Doch noch bevor der Haushalt verabschiedet wird, wirft das Urteil des Bundesverfassungsgerichts Mitte November alles um. Das Verschieben von 60 Milliarden Corona-Geldern in den Klima- und Transformationsfonds durch einen Nachtragshaushalt war nicht zulässig. Vorbereitungen hat die Ampel offenbar nicht getroffen. Relativ zügig einigt man sich darauf, den Klima- und Transformationsfonds bis 2027 auf 45 Milliarden zu verringern. Das Tauziehen findet daraufhin vor allem um 17 Milliarden statt.
Die große Frage: Wer zahlt? Die FDP jedenfalls nicht. Von ihr wird Anfang Dezember erst einmal bekannt, dass sie eine Beförderungswelle in ihrem Bundesjustiz- und Bundesfinanzministerium plant.
Angesichts des Urteils verdrängt die Haushaltskrise für einen kurzen Moment die rassistische Migrationsdebatte, in der Migrant:innen als Sündenböcke für alles herhalten müssen. Die Schuldenbremse steht endlich wieder in der Diskussion.
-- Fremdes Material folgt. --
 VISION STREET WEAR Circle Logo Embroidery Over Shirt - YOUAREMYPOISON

Doch CDU und FDP wollen da dogmatisch nicht ran. Stattdessen wird die Hetze nun auf Sozialleistungsempfänger:innen umgestellt.
Obwohl das Bundesverfassungsgericht eine existenzsichernde Grundsicherung angemahnt hat, fordern sie ungeniert, den Rotstift beim Bürgergeld anzusetzen. Noch vor Abschluss des nächsten Entwurfs ist jedoch klar, dass die Erhöhung um 12 Prozent beim Bürgergeld in 2024 so kurzfristig nicht aufzuhalten ist. Der Grundsicherungssatz steigt also wie geplant auf 523 Euro für eine alleinstehende Person ab Januar.
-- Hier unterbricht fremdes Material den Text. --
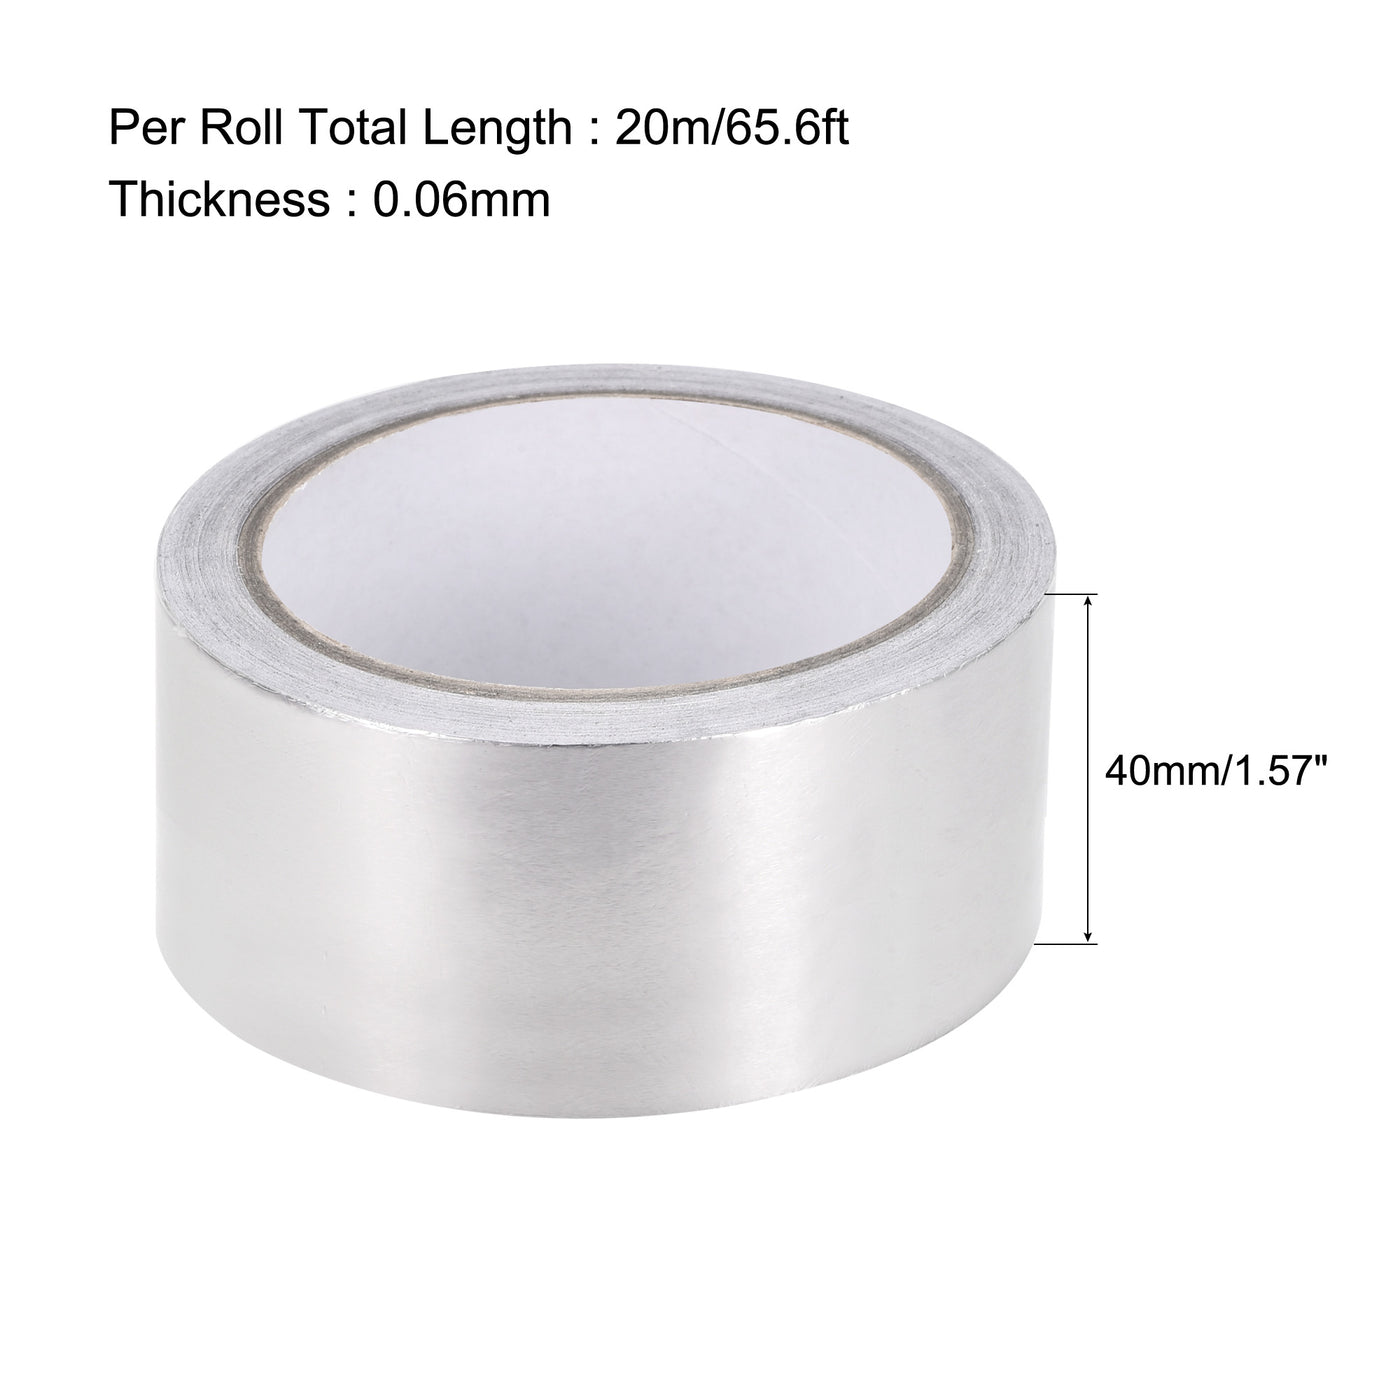 uxcell Uxcell 40mm Aluminum Foil Tape High Temperature Tape for HVAC, Sealing, Patching Hot and Cold Air Ducts Single Sided Adhesive Tape 20m/65ft

Auch das ist viel zu wenig, wie der Paritätische Wohlfahrtsverband vorrechnet. Um wirksam vor Armut zu schützen, müsste der Satz mindestens 813 Euro betragen. Doch soll zukünftig wieder sanktioniert werden, wenn Arbeitsangebote abgelehnt werden, und der Bonus von 75 Euro für die Teilnahme an Weiterbildungsmaßnahmen entfällt.
Um 1,5 Milliarden soll die Vermittlung in Arbeit insbesondere von ukrainischen Geflüchteten den Bund entlasten. So heißt es im nächsten Haushaltsentwurf, der schließlich zehn Tage vor Weihnachten vorgelegt wird. Die 17 Milliarden werden als Stückwerk aus verschiedenen Ressorts zusammengekratzt. Schon kurz darauf stehen sie in der Kritik. Sie wurden auf dem Papier gemacht, offensichtlich ohne Abschätzung ihrer realen Umsetzbarkeit.
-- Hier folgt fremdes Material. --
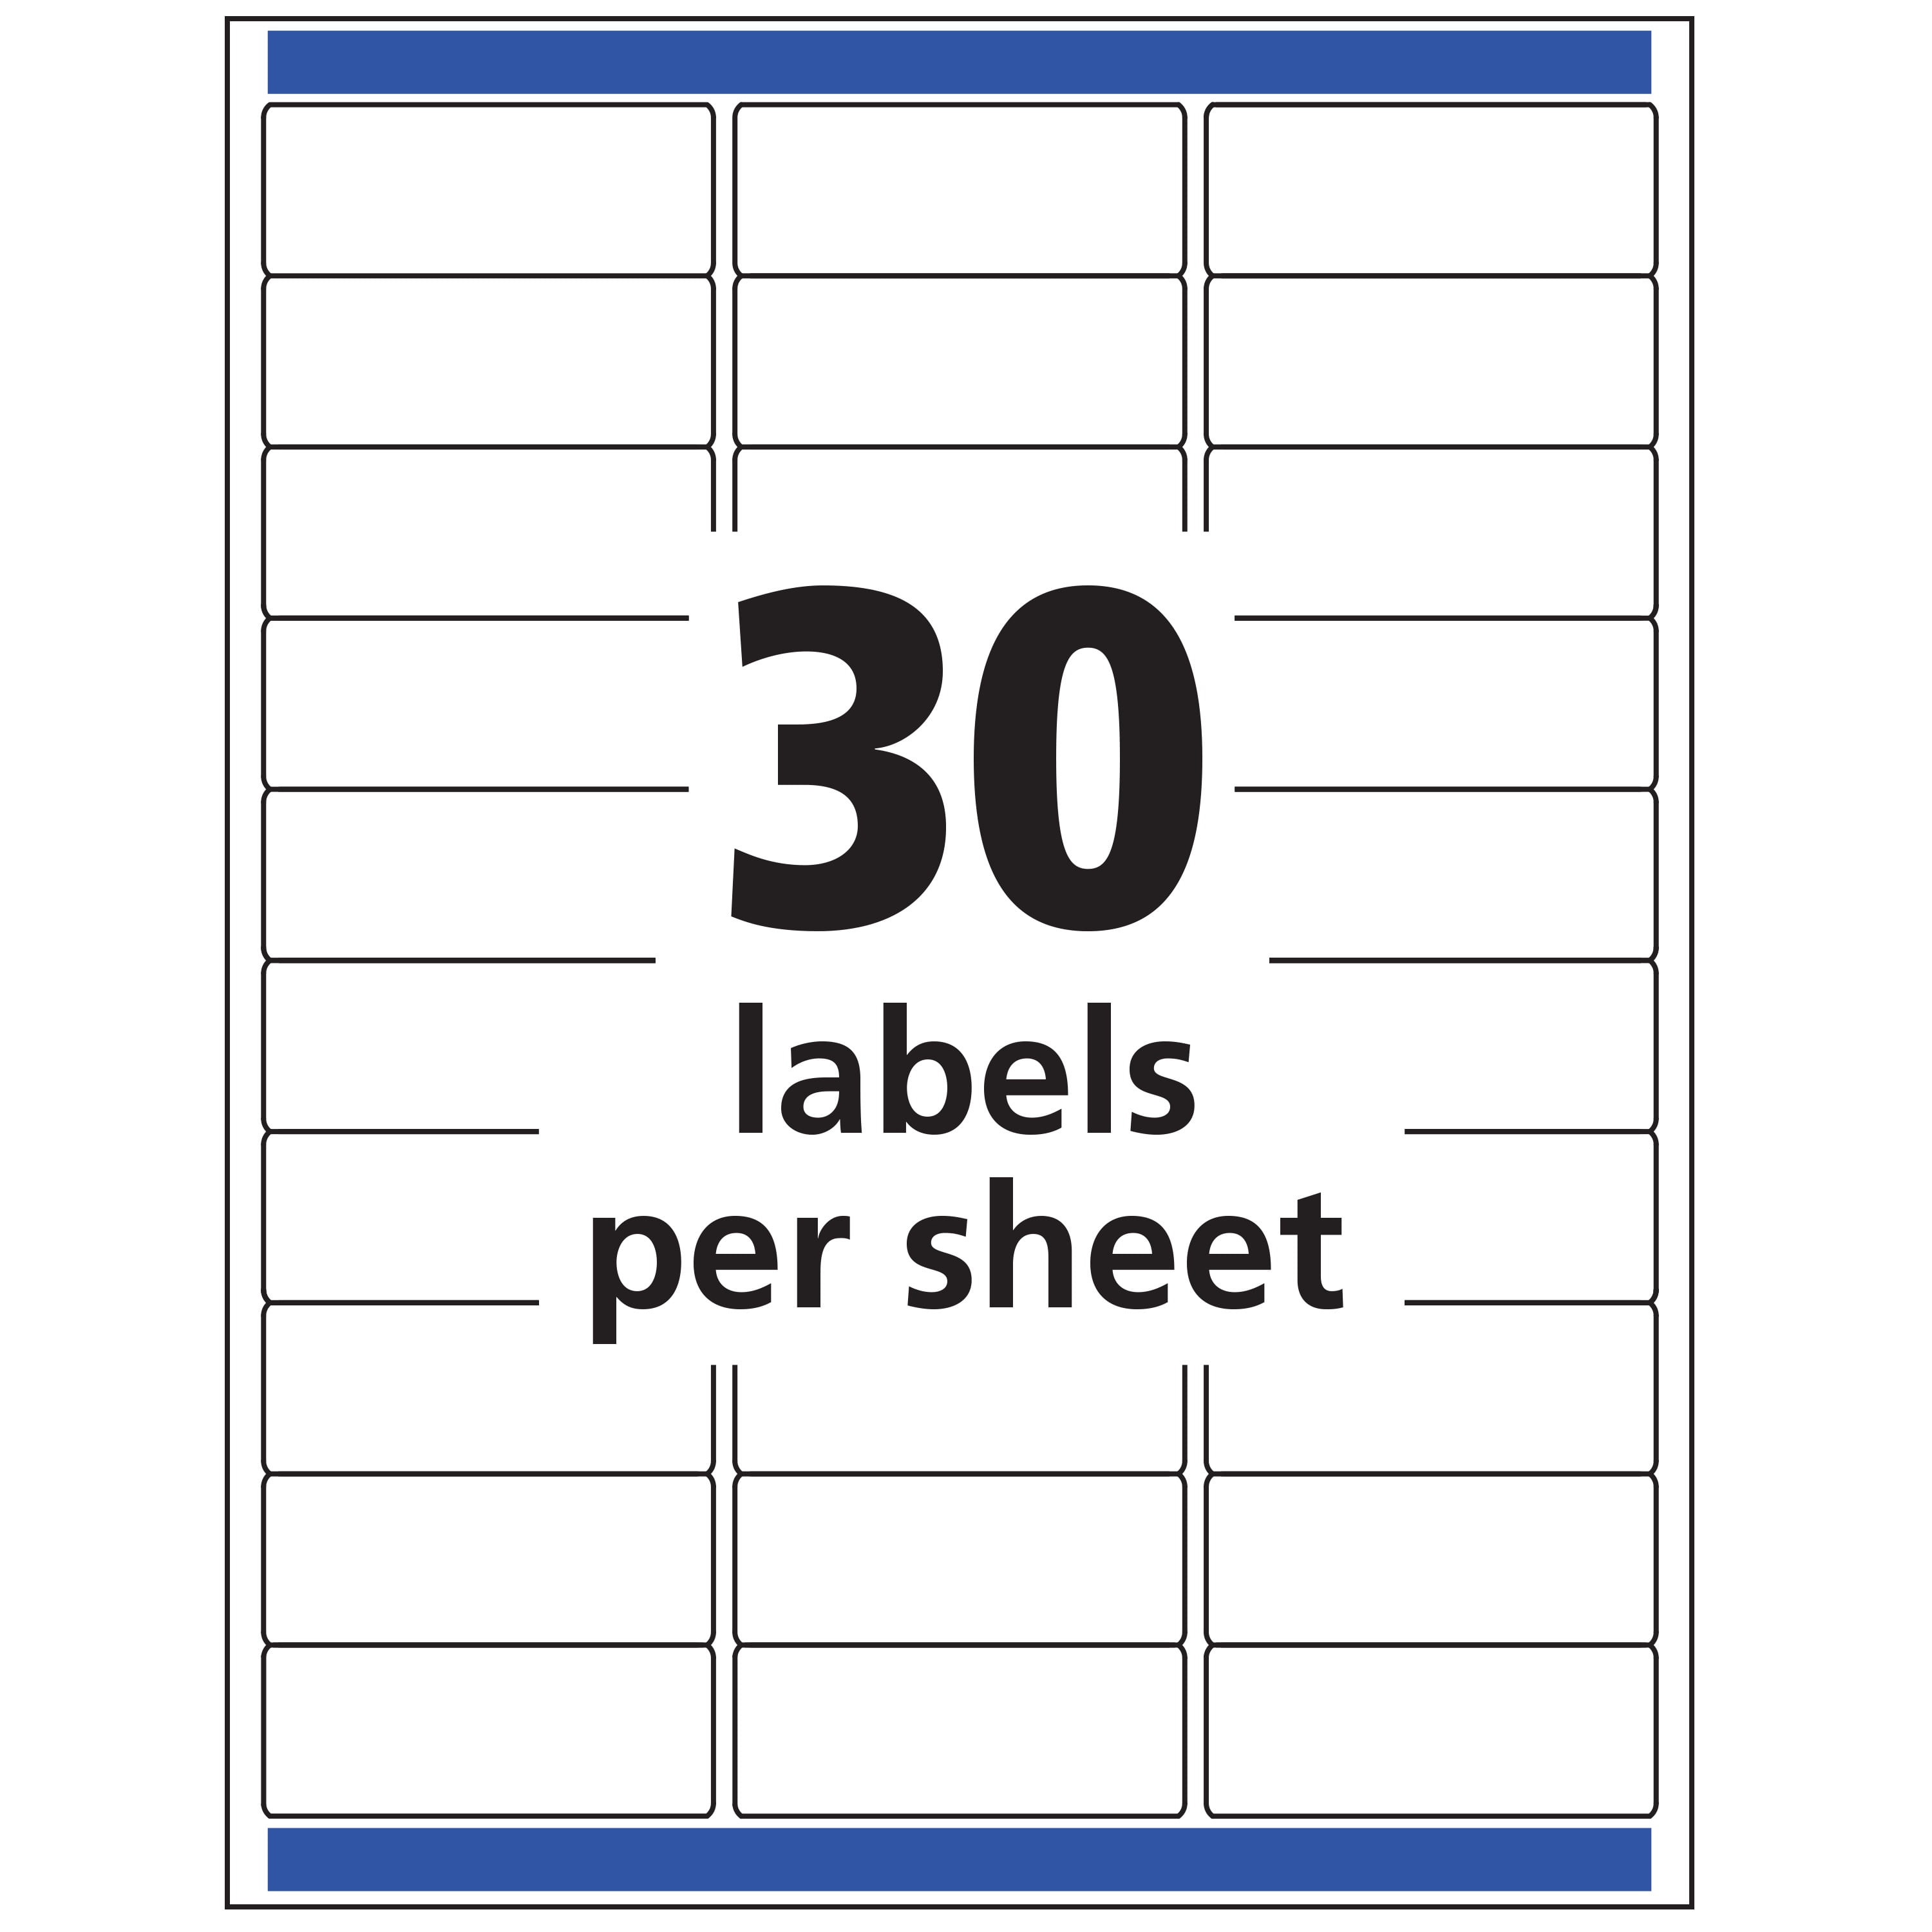 32 Avery Label Template 15660 Labels For Your Ideas

Der Umweltbonus beim Kauf von Elektroautos sollte schon am dritten Advent auslaufen. Die Bundesregierung verspricht sich davon Einsparungen von 209 Millionen Euro. Nur betrifft dies auch bereits getroffene Kaufentscheidungen. Die SPD-Bundestagsfraktion fordert ein geordneteres Verfahren.
Weitere 3 Milliarden sollen durch die Streichung von klimaschädlichen Subventionen erreicht werden. Dies betrifft etwa die Förderung des Agrardiesels und die Kfz-Steuerbefreiung für landwirtschaftliche Fahrzeuge, mithin viele Kleinbauern, die wirtschaftlich ohnehin in einer schwierigen Lage sind.
Die Arbeitsgemeinschaft bäuerliche Landwirtschaft hält die Proteste daher für gerechtfertigt. Schon am Montag nach Veröffentlichung des neuen Haushaltentwurfs fahren zahlreiche mit ihren Treckern nach Berlin, um zu demonstrieren. Bundeslandwirtschaftsminister Cem Özdemir verspricht Nachbesserungen.
Zahlreiche weitere Maßnahmen bedeuten eine Umverteilung der Kosten. So will sich der Bund 1,4 Milliarden Euro bei der Plastikabgabe sparen. Große Auswirkungen wird auch die geplante Anhebung der CO2-Abgabe für Sprit, Heizöl oder Gas haben. Der Bund lässt damit eine weitere Milliarde von der Bevölkerung bezahlen, statt das lang angekündigte Klimageld einzuführen.
Auch Elektrizität wird teurer durch Streichung des Milliardenzuschusses zu den Stromnetzentgelten, was sich auch bei Bürgergeldempfänger:innen direkt auswirken wird.
12,7 Milliarden sollten über den Klima- und Transformationsfonds bis 2027 in die Sanierung der Bahn gesteckt werden. Finanziert werden soll dies nun über die Privatisierung von Bundesbeteiligungen bei der Bahn, der Deutschen Post, der Telekom oder Uniper.
Es ist also ein Sammelsurium von Maßnahmen, die darin bestehen, Kosten weiterzugeben. Olaf Scholz fasst es zusammen: »Die Regierung hält an ihren Zielen fest.« In der Tat. Unangetastet bleibt der Kriegsetat samt Sonderschulden, mit allein 8 Milliarden Euro Militärausgaben für die Ukraine.
Nicht zur Kasse gebeten werden Superreiche. Auf Steuererhöhungen wird »verzichtet«. Stabil bleiben die 9 Milliarden für Konzerne durch Senkung der Stromsteuer für produzierendes Gewerbe und das Wachstumschancengesetz. Beibehalten wird die Schuldenbremse, mit möglichen Ausnahmen – für den Krieg und die Folgen der Flutkatastrophe im Ahrtal.
Statt Zugeständnissen in Zeiten der Inflation, steigender Armut und Fachkräftemangel zum Beschwören eines »sozialen Friedens« ist dies eine soziale Kriegserklärung.